Deutscher hiked up his glasses. "while the safety..." [Capitalize "While"]
"Suppose you accidental kill one..." [accidentally]
Hans's little tirad about what happens if one mouse is killed was a little stereotypical for the time travel paradox kind of stuff - I mean, so much so they even parody it in Futurama. So maybe just cut back on it and have Les "get" the gist of things quicker? I feel like we spent too much time on explaining something that everyone well versed in reading about time travel should already know by now, paradoxes - bad, etc. etc. That being said - I like the way you worked around that by marking the different dinosaurs that can be shot with no bad effect because I thought that did bring something really original to the table of time-travel that I haven't seen before. Cool!
Regina cupped Les' powerful jawline in her hand and brought him eye level, "Don't make me regret this baby." She said, ... [Period after "eye level" and comma after "baby". Un-capitalize "She". Look up how to correctly punctuate dialogue/speaker tags if you're unsure by doing a quick Google search on the grammar - it has some good guides.]

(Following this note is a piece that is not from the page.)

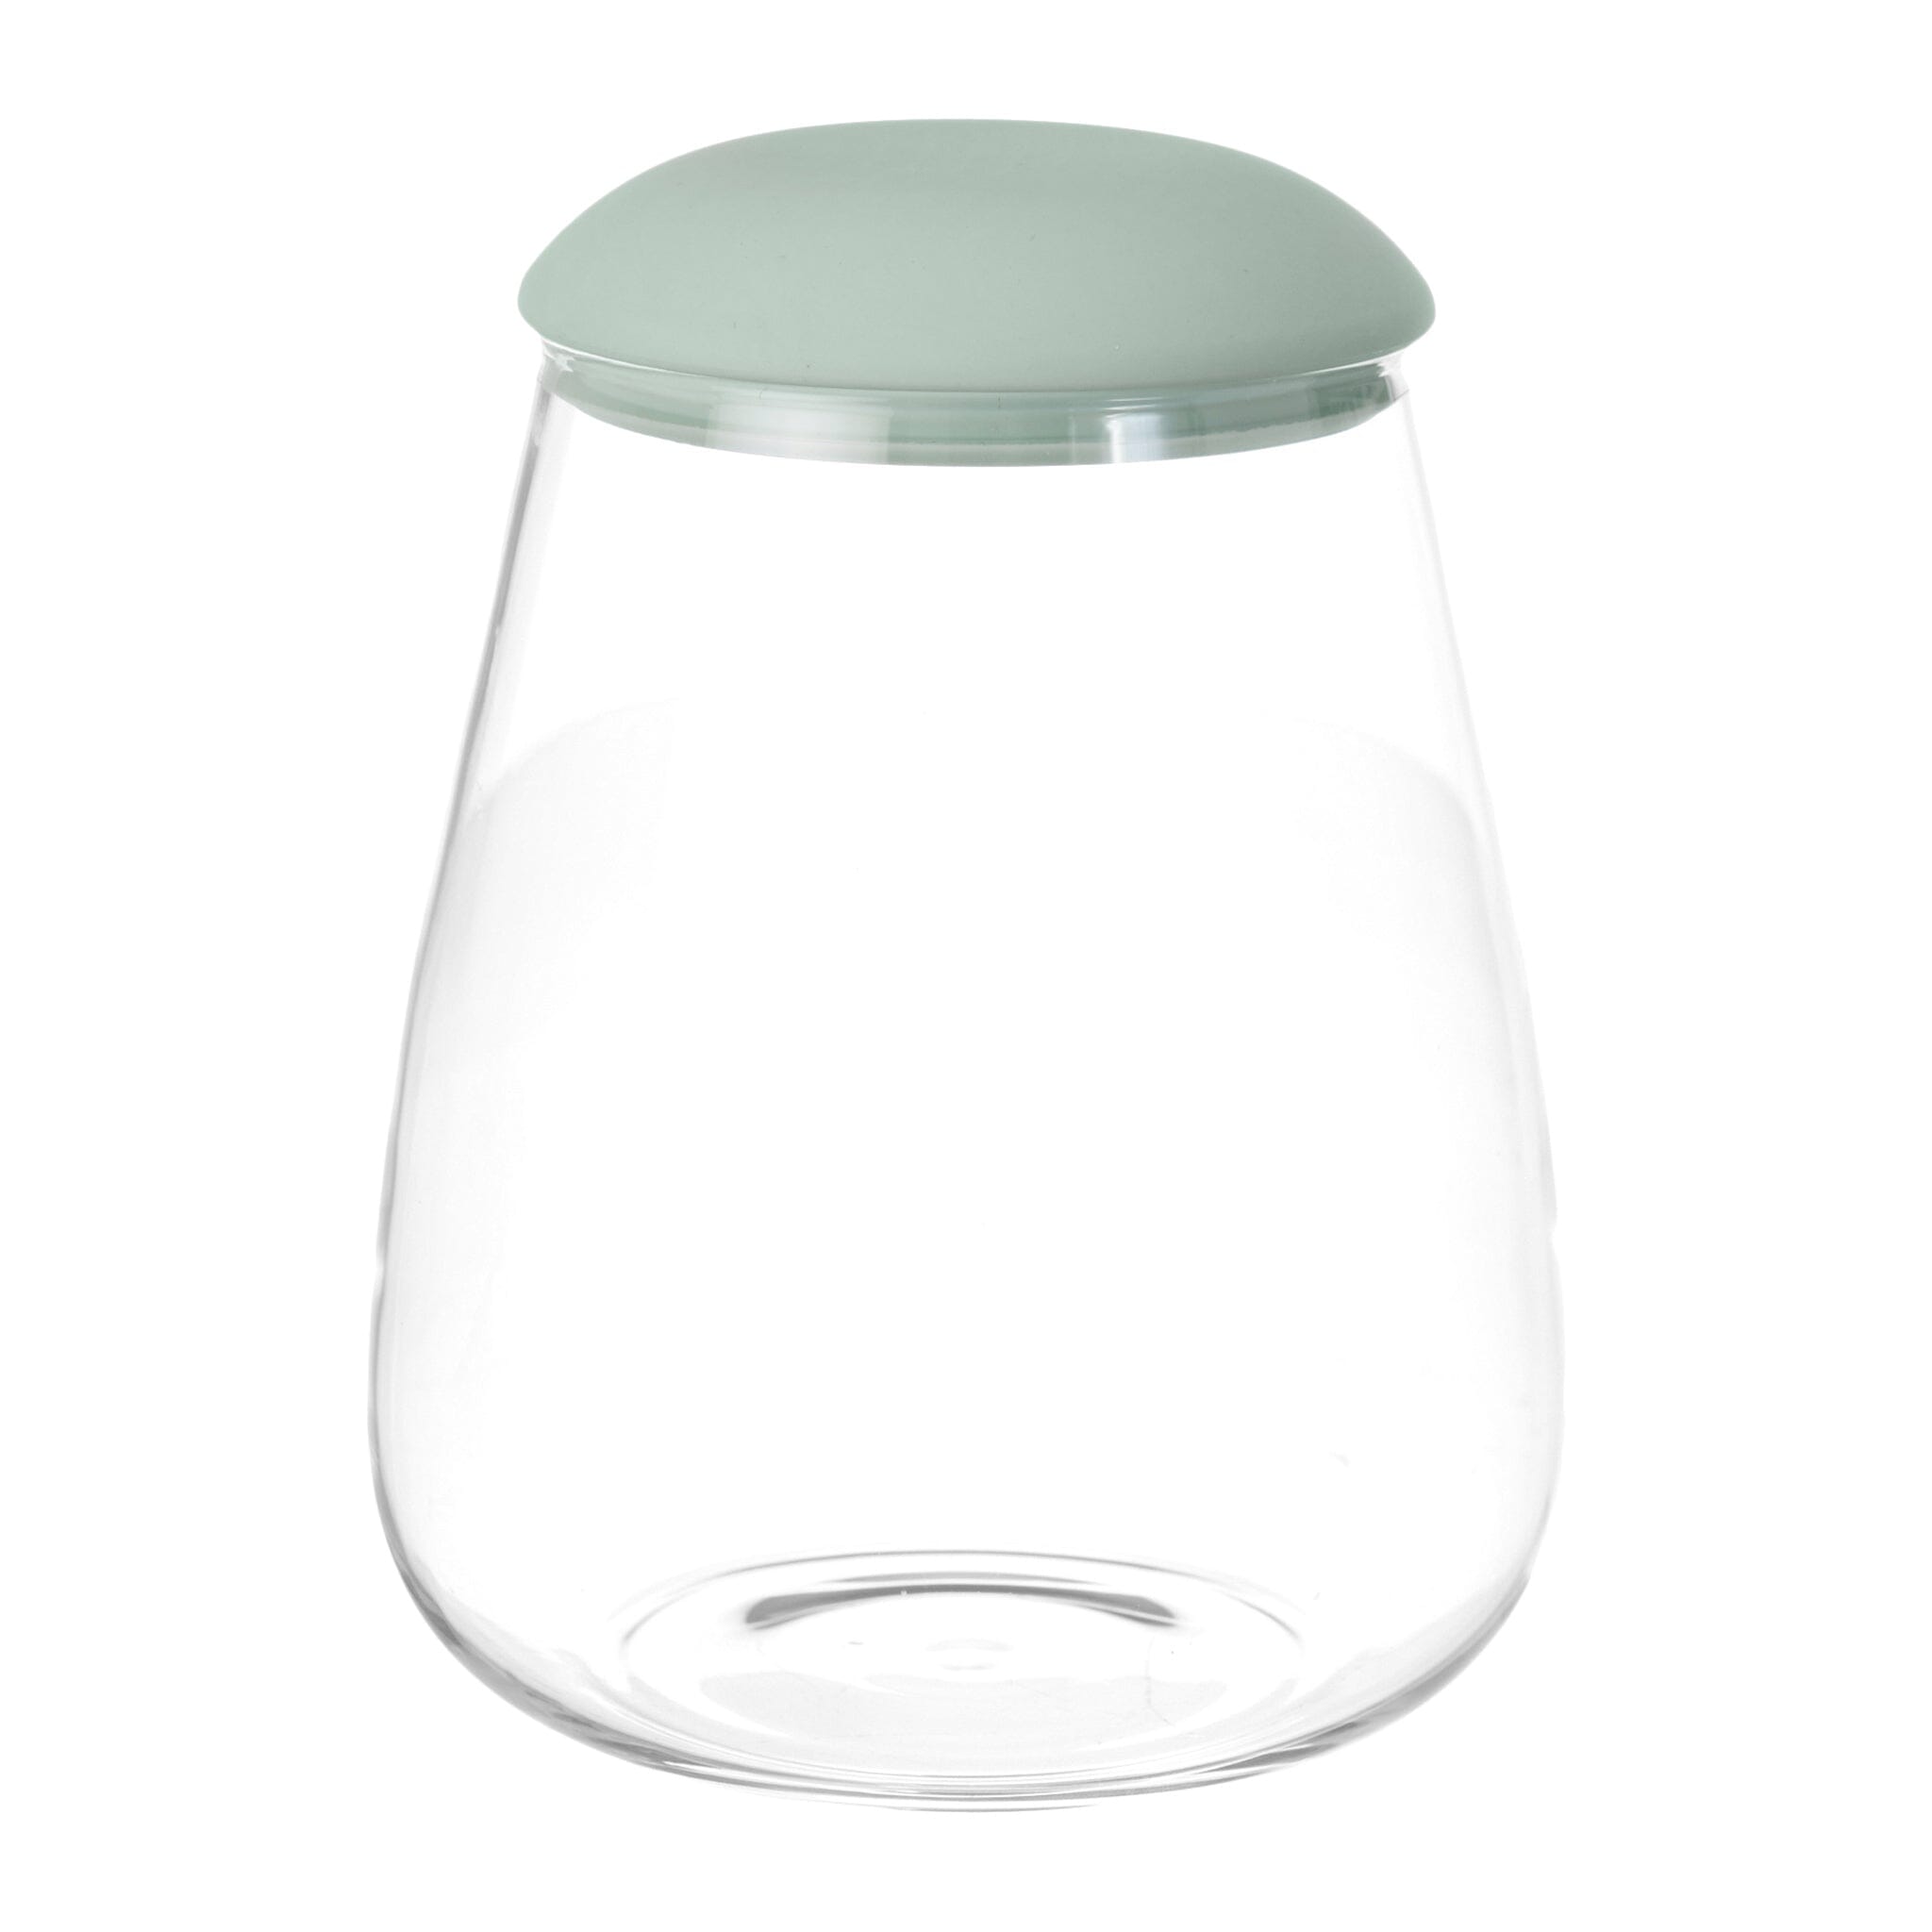 O'lala - Glass Jar with Silicone Cover - Green - 8x14cm - 520008159

"Welcome to the Jungle!" Les shouted in his best Axl Rose voice. [Another confusing reference given their original setting-time - I mean, is this taking place in the 90s? I would believe the references then. But if this isn't taking place in the 90s, I'm not so sure these cultural icons are going to be as prevalent as you seem to think they will be in the future, haha. I mean, it's a suckie situation - but kids these days are being raised by parents who never listened to Guns n' Roses so then etc. etc. the references would fade out and be replaced by other things. Also - Turok was a reference even I didn't get, though I looked it up and found they had a game out in 2008. Still, that's like five years ago, haha. So, I dunno, Les really seems to have grown up more awares in the 80s and 90s than in the actual future, haha. Maybe that will be a twist.]
-"Yeah yeah everyone's not yet unborn," Les tossed the [the EM dash should be inside the dialogue and also an EM Dash, not a hyphen. Period after "unborn" because "Les tossed" is action, not a tag. I'm seeing a lot of instances of things like this in the dialogue, and overall, I think this is one of the more unpolished works that I've read from you. That's an okay thing though, I just thought I'd point it out. If this is a novel or a novella or something though, getting the first draft actually written is more important than copy editing, but just be aware!]

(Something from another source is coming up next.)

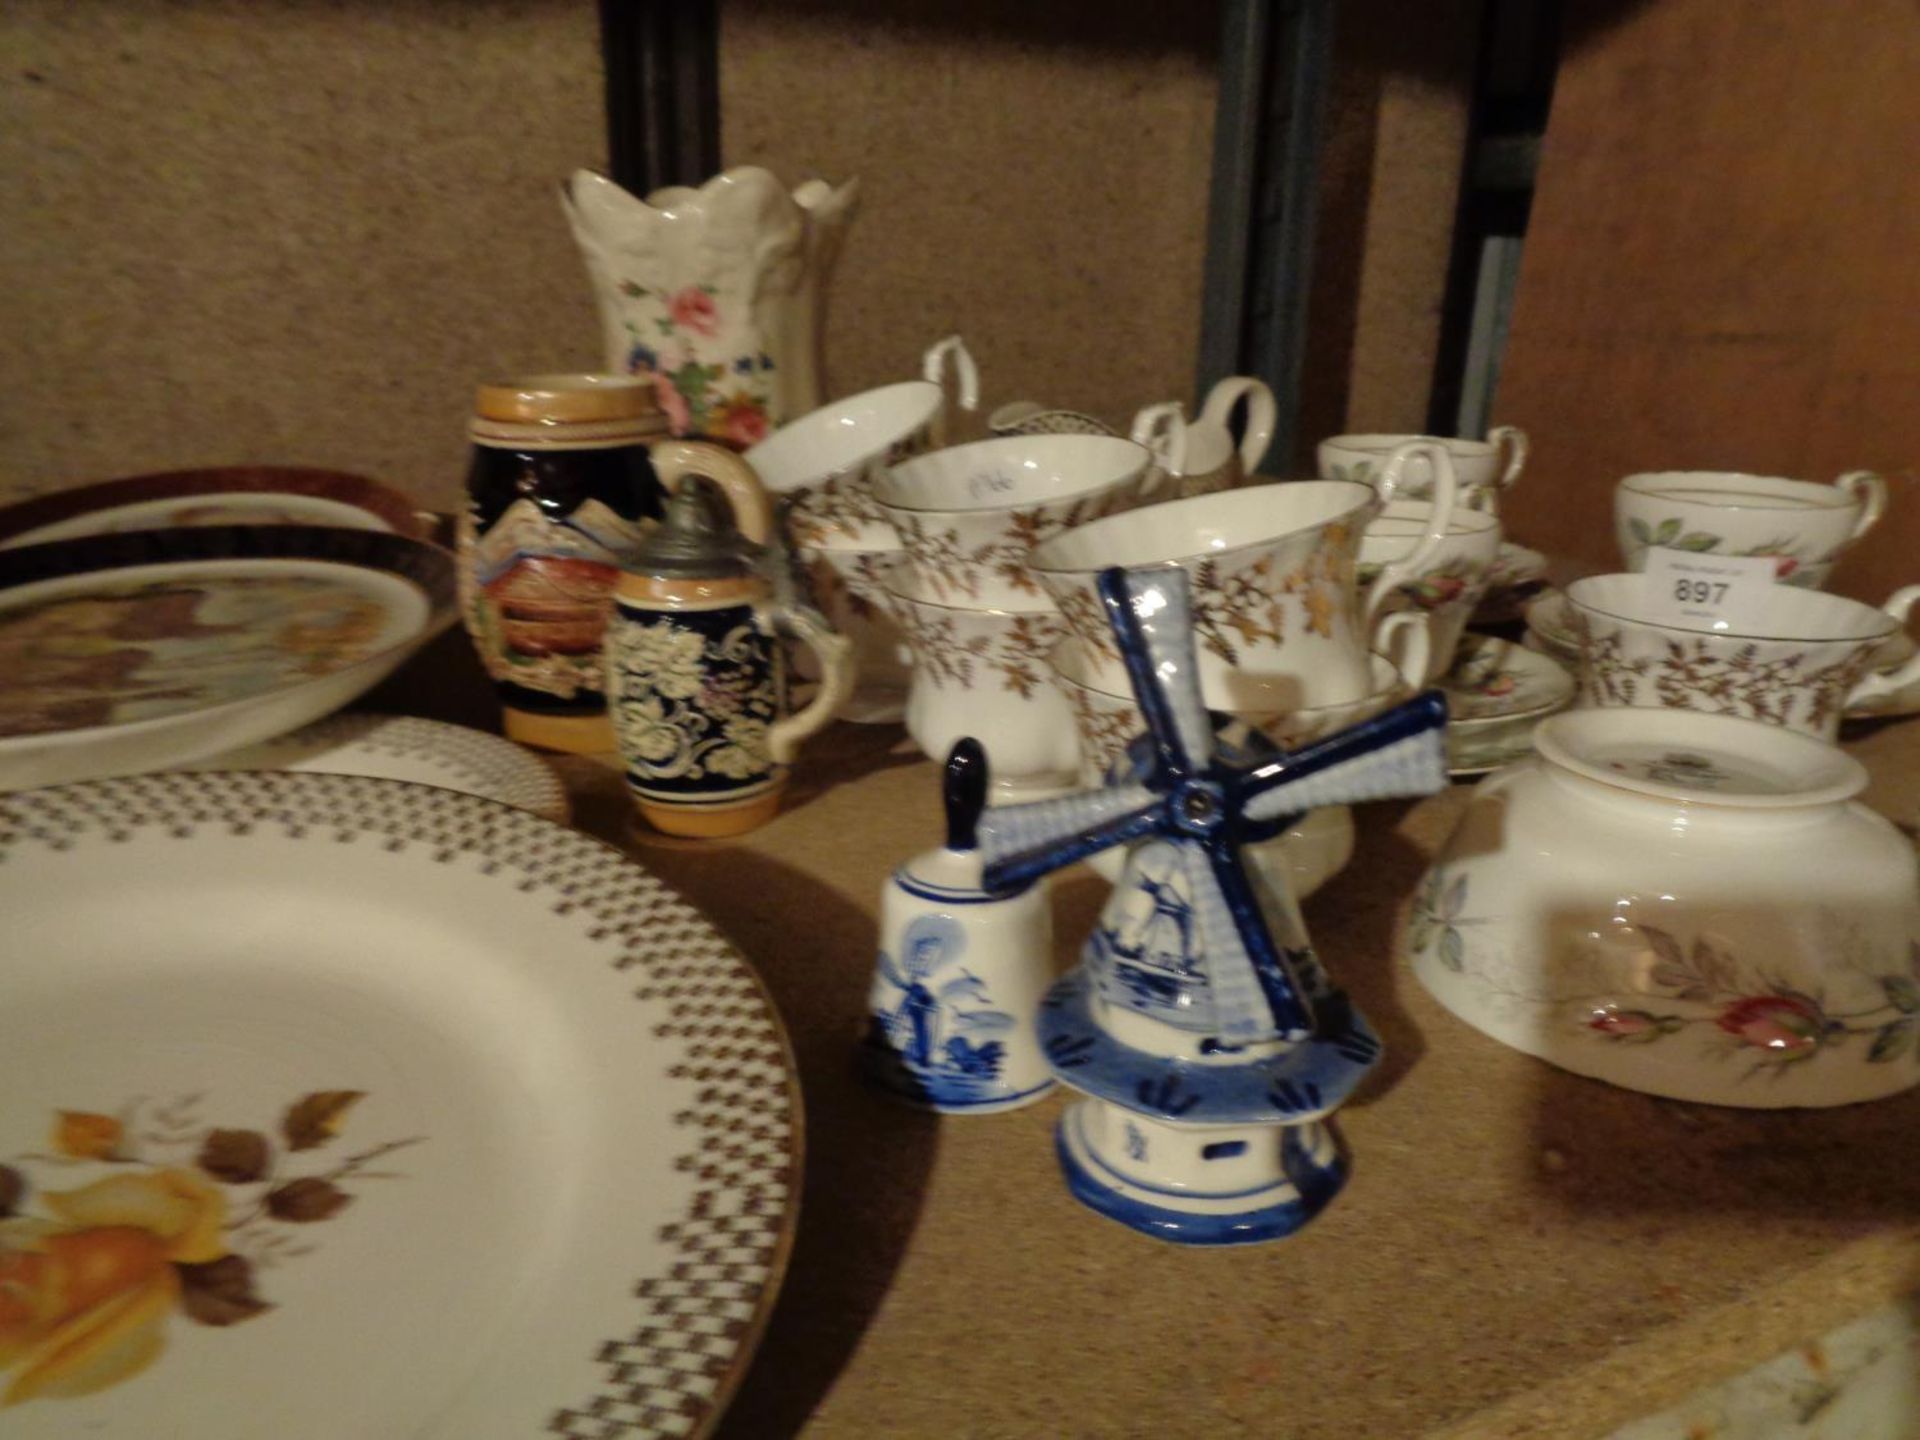 A SELECTION OF CHINA TEA WARE PARAGON 'BRIDAL ROSE', DECORATIVE PLATES, BLUE AND WHITE ETC - Image 2 of 4

Krillings swallowed hard, "that don't sound like no 'raptor... [This needs to have a period after "hard", capitalize "That", and then make sure that you put a closing quotation after the ellipses! Otherwise, this ended on a good cliffhanger.]
I think some of these characters seem a little stiff - Les seems one dimensional just because he takes the role of the eager "big buck hunter" guy who is rude and only cares about one thing - I'm not sure there's anything more to him than that. The concept of going back in time for this kind of hunt is cool though, and I think it's original, which I liked. I also liked the way you handled it in the descriptions and the explanation in the opening about the company that does this, etc. because it opens up a whole new association of what sport is for these people. Overall well done, I'd be interested to see where you go with this, but I have a feeling they might get stuck somehow!